Moody’s Mark Zandi says get used to mortgage rates at around 6% for the long-term

Anyone eyeing mortgage rates, which reached above 8% in October, can be excused for longing after the pandemic lows of sub-3% mortgages. But it’s unlikely those rock-bottom rates will return in the near future, according to Mark Zandi, chief economist at Moody’s Analytics. Instead, the veteran market watcher expects rates to hover at roughly double that level in the near future. 

“Everybody should get used to 5.50% to 6% because that’s where mortgage rates are going to settle in, [in the] long run,” Zandi told CNBC on Monday. Mortgage rates tend to trail the 10-year Treasury yield, which he suspects will hover around 4% to 4.50%; that generally puts mortgage rates at that 5.5% to 6% he’s expecting. 

Asked to predict the magic mortgage rate that will have inventory flooding back into the housing market, Zandi said that obviously a 5% rate is better than 6%, but the long-term number will likely be somewhere in between.

In recent weeks, mortgage rates have fallen from their October highs, with the average 30-year fixed rate currently at 7.30%. But in today’s somewhat frozen housing market, that’s barely a start. With a 6% mortgage rate, things start to thaw as would-be buyers and sellers enter the market, but Zandi doesn’t think home sales will get back anywhere near levels seen during the pandemic, before the Federal Reserve began its interest rate hike cycle to lower inflation. Getting closer to that 5% mortgage rate would trigger more activity, he added. 
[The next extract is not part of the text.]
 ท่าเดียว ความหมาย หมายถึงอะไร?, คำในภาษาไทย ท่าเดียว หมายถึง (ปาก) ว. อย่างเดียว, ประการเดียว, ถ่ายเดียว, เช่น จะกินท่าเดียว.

“The other thing that’s got to happen here, obviously, is we do need to see some weakness in house prices,” Zandi added. “If house prices don’t come [down] to any degree, we’re going to have to see even lower mortgage rates to get sales up.”

Some forecasts, like that of Goldman Sachs, suggest home prices will continue to increase next year. So far, prices aren’t letting up; the national S&P Case Shiller house price index increased 3.9% on an annual basis in September, according to figures released on Tuesday. 
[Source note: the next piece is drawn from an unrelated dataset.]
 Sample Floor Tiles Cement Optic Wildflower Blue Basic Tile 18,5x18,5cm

Meanwhile, existing home sales are at their slowest pace since 2010, when the housing market was reeling in the aftermath of the Great Financial Crisis. That’s largely because of the so-called lock-in effect, which keeps homeowners with low mortgage rates from selling their homes—constraining both buyers and sellers. New home sales, on the other hand, have outperformed existing home sales because homebuilders can offer incentives, like mortgage rate buydowns. Still, higher mortgage rates are curbing demand even there, with new home sales falling more than expected in October.

“Most of the weakness in sales is on the existing side,” Zandi explained. “Homeowners are much more reluctant to cut prices…builders are doing what it takes to move those homes.”
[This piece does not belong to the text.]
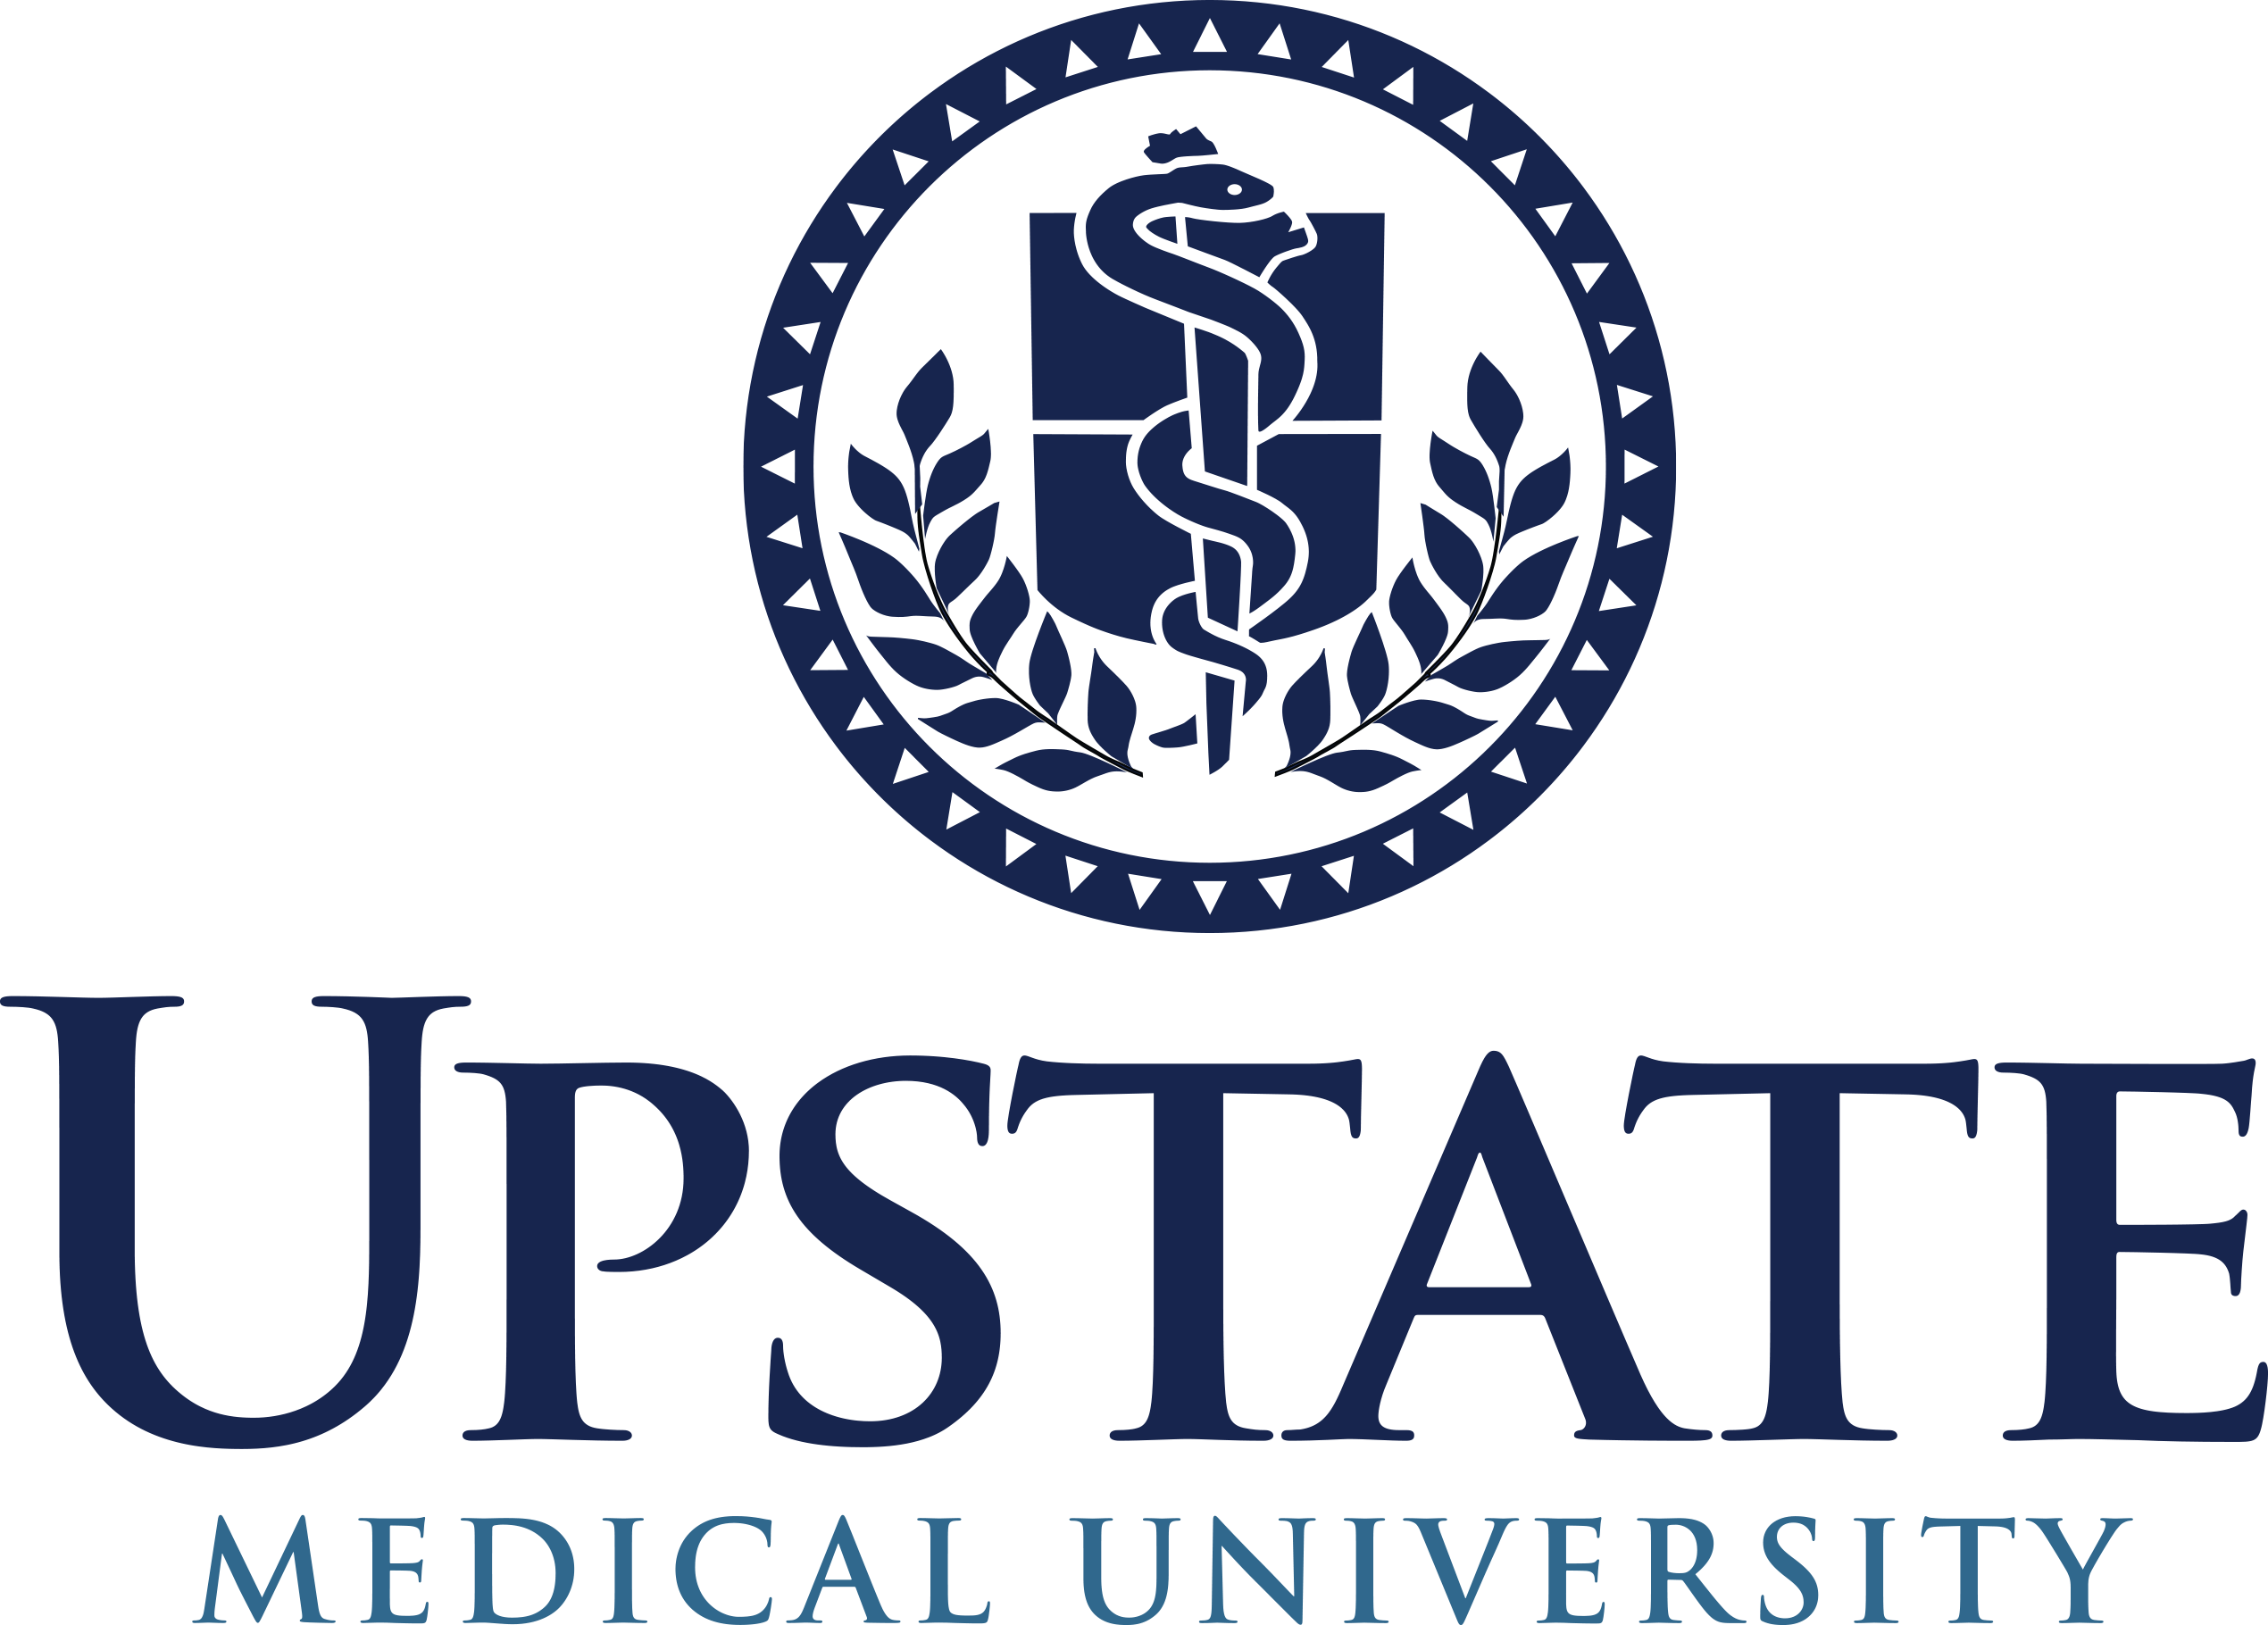 Medical White Logo - Upstate Logos | Marketing Communications |SUNY Upstate Medical ...

There is some relief pushing its way through the housing market, and that’s on the rental side. 

“Rents have gone flat to down, particularly at the high end of the market,” he said. “These big multifamily towers are going up in the big urban centers in the Northeast, Chicago, on the West Coast, and that’s putting downward pressure on rent—and, I think, is having some impact on new house prices, and at the high end of single-family housing markets.”’s October rental report released on Tuesday showed median rent for studios, one- and two-bedrooms across the U.S.’ top 50 metro areas continues to trail its 2022 levels, experiencing a year-over-year decline for the sixth month in a row. As Zandi mentioned, a lot of that has to do with supply. There was a substantial increase in new multifamily construction in 2022 and that resulted in an uptick in new multifamily completions in 2023, “which significantly augmented the rental supply and exerted downward pressure on rental prices,” this year, the report found.